RECORDS FOR PROCESSING:
——

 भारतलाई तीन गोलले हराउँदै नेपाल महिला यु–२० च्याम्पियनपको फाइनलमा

——

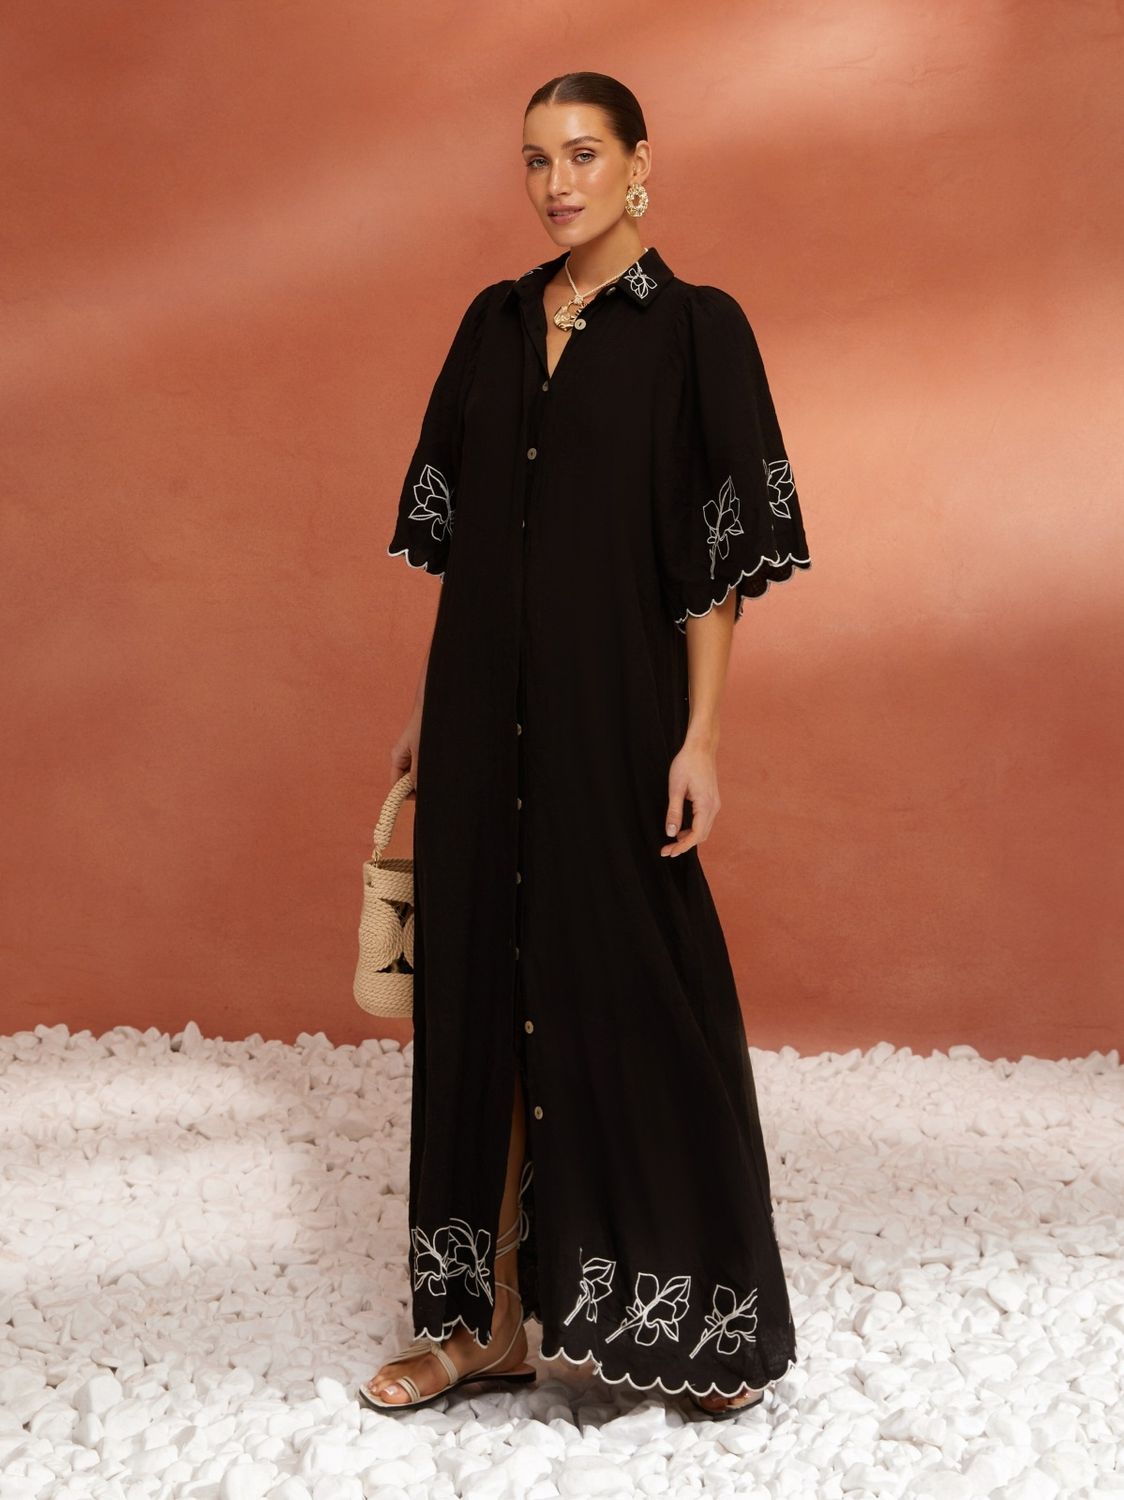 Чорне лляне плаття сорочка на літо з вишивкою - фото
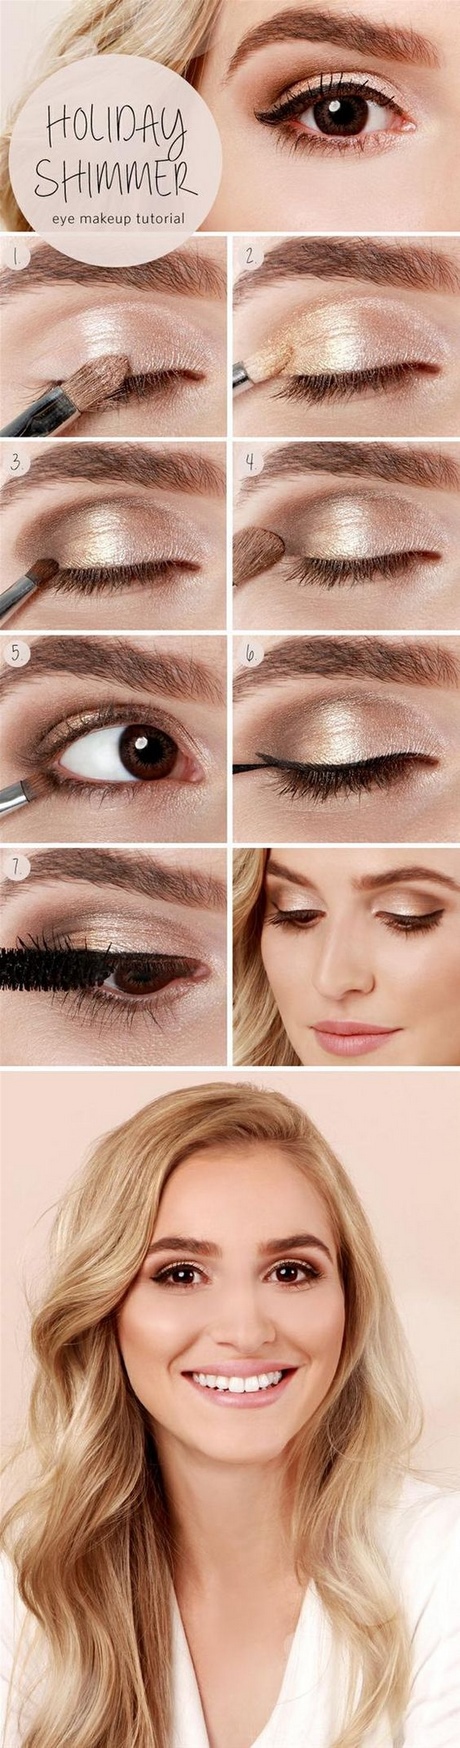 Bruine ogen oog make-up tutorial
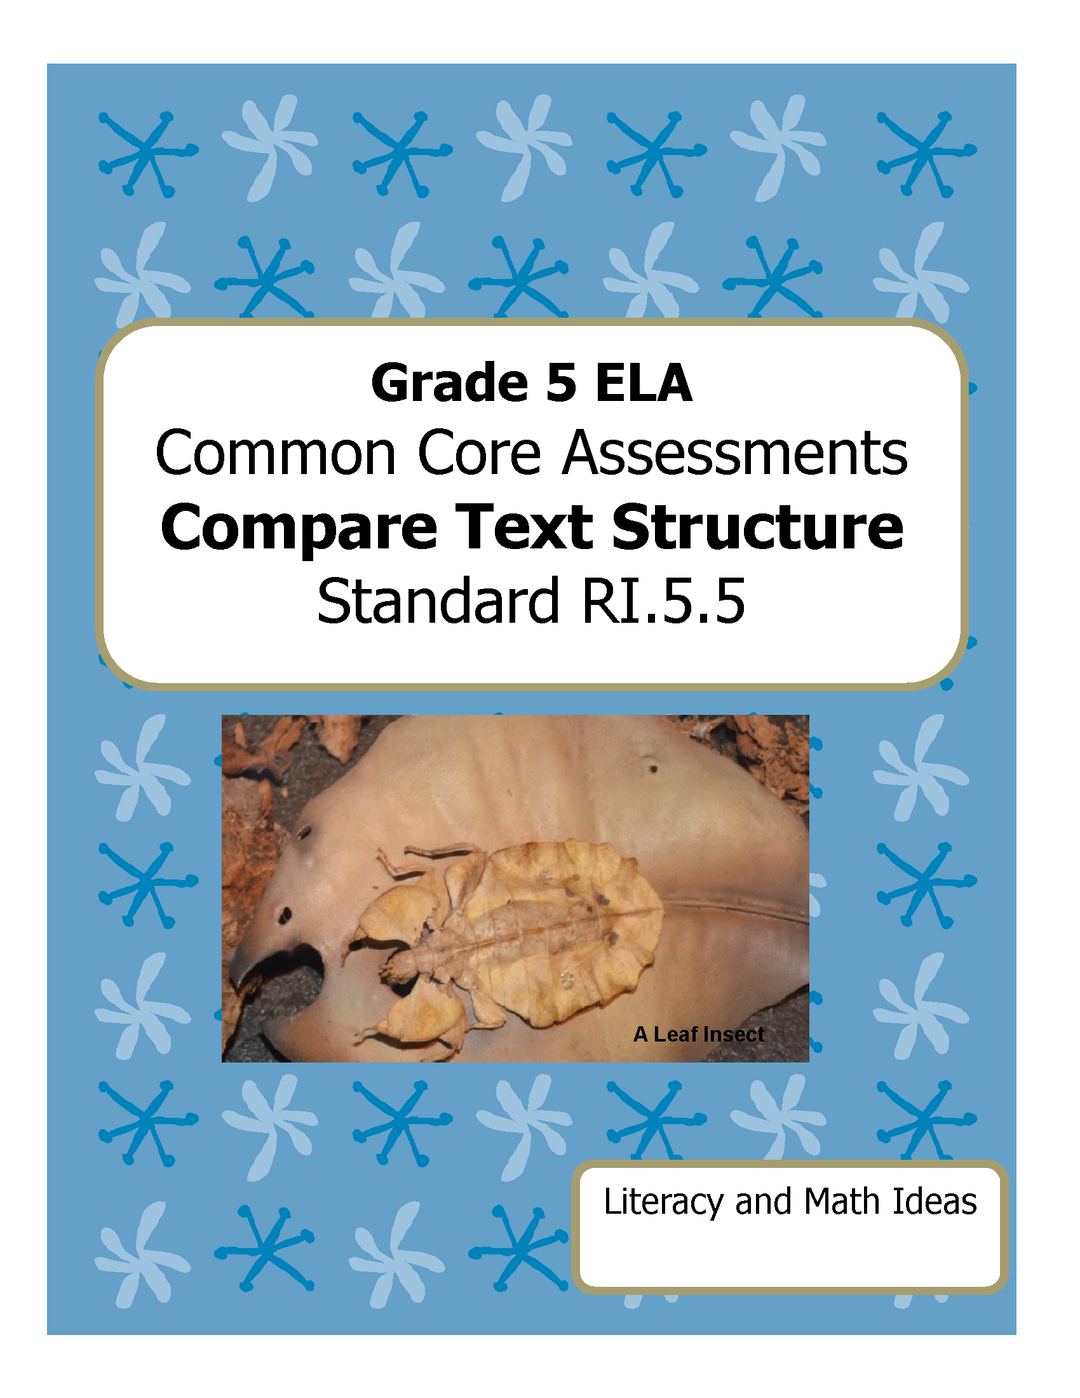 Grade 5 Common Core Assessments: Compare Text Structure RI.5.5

——

Copy the entries above exactly, but only the stretch from the line containing "Чорне лляне плаття" through the line containing "Grade 5 Common". Keep both end lines; drop the pictures.

WRITTEN RESPONSE:
 Чорне лляне плаття сорочка на літо з вишивкою - фото
 Bruine ogen oog make-up tutorial
 Grade 5 Common Core Assessments: Compare Text Structure RI.5.5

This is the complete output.